A deep learning project for detecting and classifying car damage using computer vision. The project covers multiple tasks — starting from classification, moving to object detection, with more to come.
Given an image of a damaged car, the models can:
- Classify what types of damage are present (multi-label classification)
- Locate exactly where the damage is (object detection with bounding boxes)
car-damage/
├── classification/
│ └── car_damage_classification.ipynb # Multi-label classification pipeline
├── object_detection/
│ └── car_damage_detection.ipynb # YOLOv8 object detection pipeline
├── .gitignore
├── LICENSE
└── README.md
- Source: CarDD — Car Damage Detection Dataset on Kaggle
- Size: ~4,000 high-resolution images, 9,000+ damage instances
- Format: COCO JSON annotations (bounding boxes + segmentation masks)

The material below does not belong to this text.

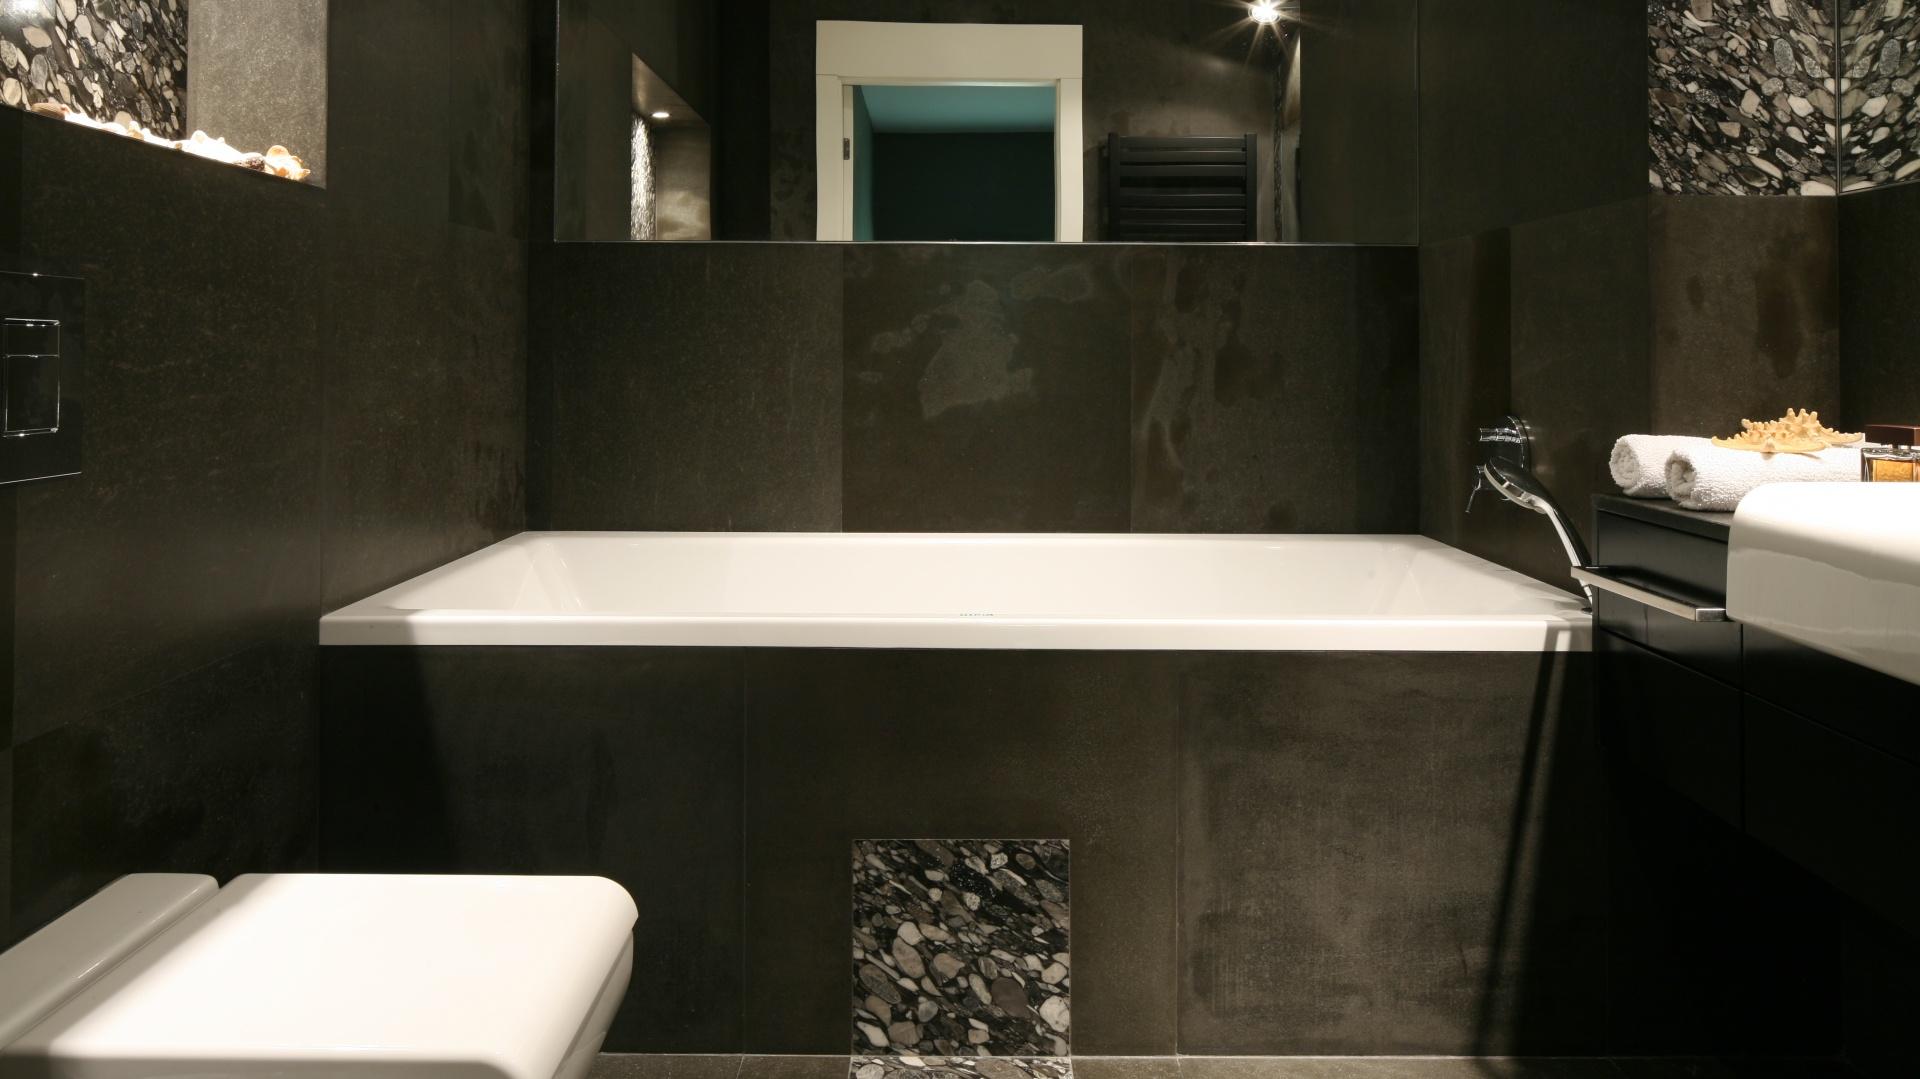 Aranżację łazienki zdominował kamień naturalny. Okładziny wykonane zostały z bazaltowych płyt. Lustro nad wanną dodaje wnętrzu głębi. Fot. Bartosz Jarosz.

- Split: Train (2,816) / Val (810) / Test (374)
| Class | # Images |
|---|---|
| Scratch | 2,121 |
| Dent | 1,751 |
| Lamp Broken | 693 |
| Glass Shatter | 674 |
| Crack | 604 |
| Tire Flat | 309 |
- Backbone: EfficientNet-B3 pretrained on ImageNet
- Strategy: Transfer learning — frozen early layers, fine-tuned last 3 blocks
- Head: Custom classifier (Linear → ReLU → Dropout → Linear)

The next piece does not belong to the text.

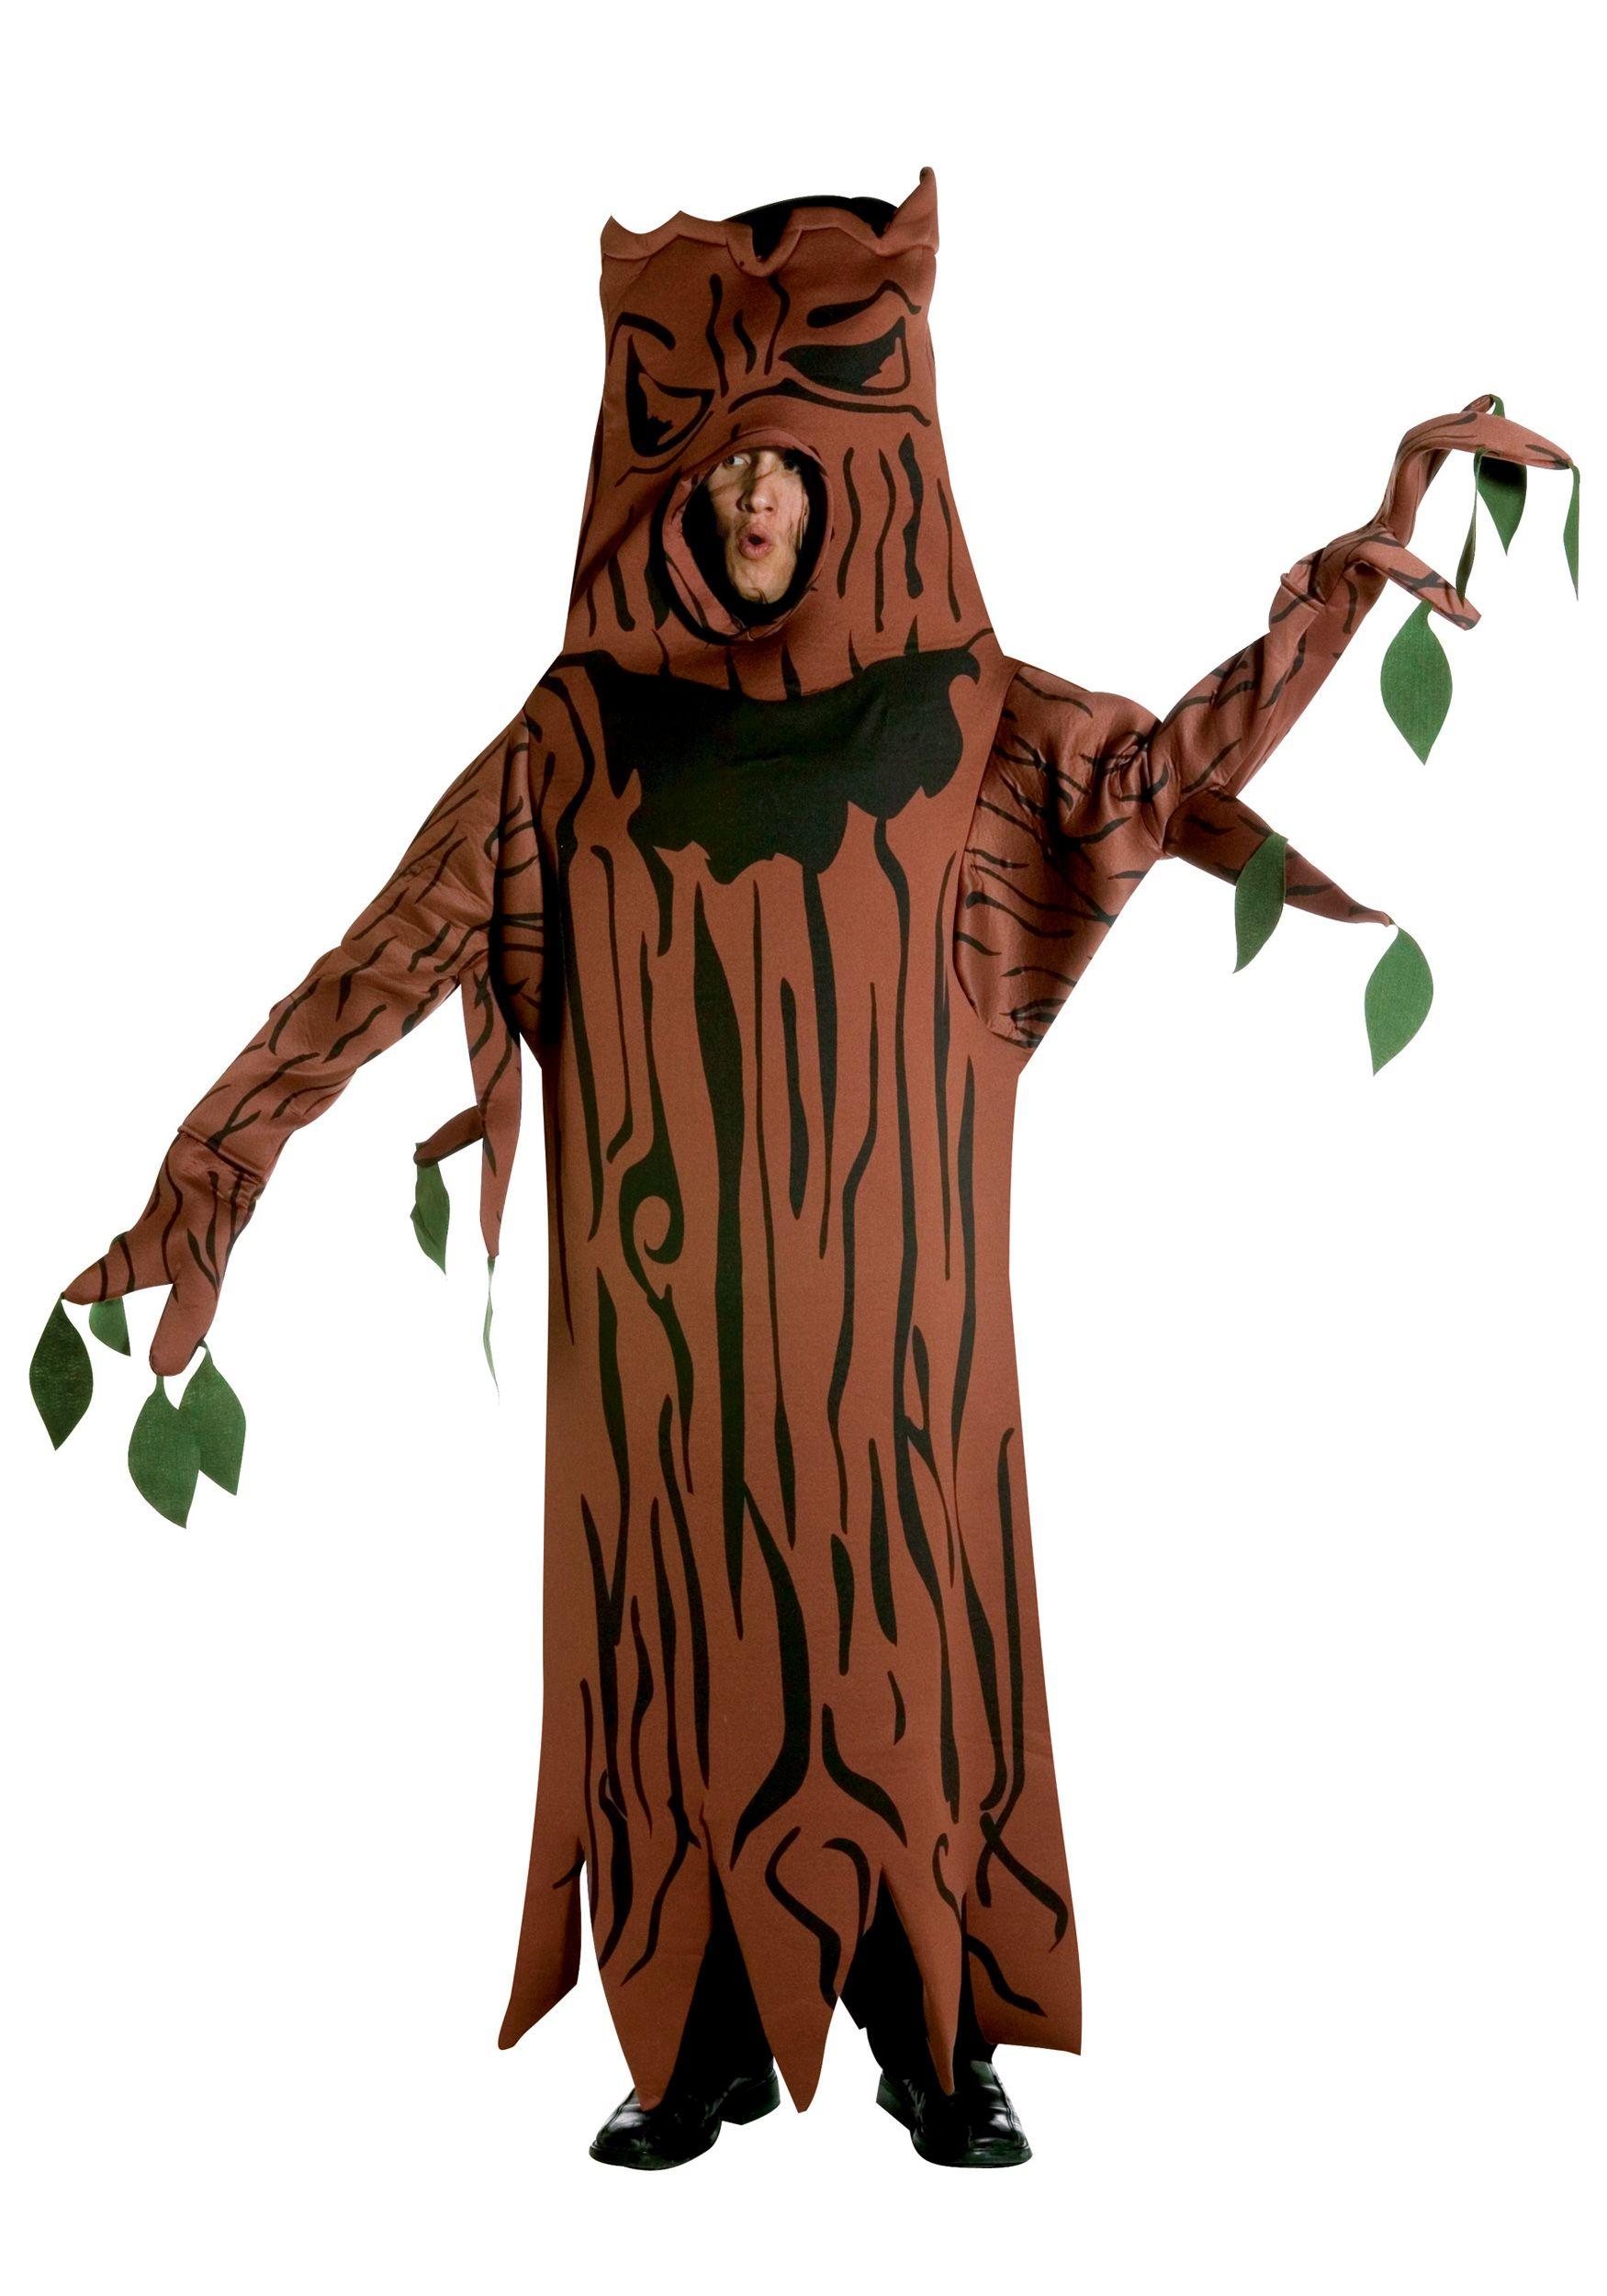 Preparing #halloweencostume ' Spooky Tree

- Output: 6 independent probabilities (one per damage class)
| Parameter | Value |
|---|---|
| Epochs | 60 |
| Batch size | 32 |
| Optimizer | AdamW |
| Loss | BCEWithLogitsLoss (weighted) |
| Scheduler | CosineAnnealingLR |
| Image size | 224 × 224 |
| Device | GPU (CUDA) |
| Class | ROC-AUC | F1 @ 0.5 | F1 @ Best Threshold |
|---|---|---|---|
| Glass Shatter | 0.9899 | 0.8535 | 0.8986 |
| Tire Flat | 0.9880 | 0.6988 | 0.8519 |
| Lamp Broken | 0.8994 | 0.5846 | 0.6567 |
| Dent | 0.8502 | 0.7411 | 0.7514 |
| Scratch | 0.8428 | 0.7838 | 0.7911 |
| Crack | 0.8074 | 0.4062 | 0.4912 |
| Overall | 0.8963 | 0.6789 | 0.7568 |
📝 Per-class thresholds were tuned using Precision-Recall curves on the test set.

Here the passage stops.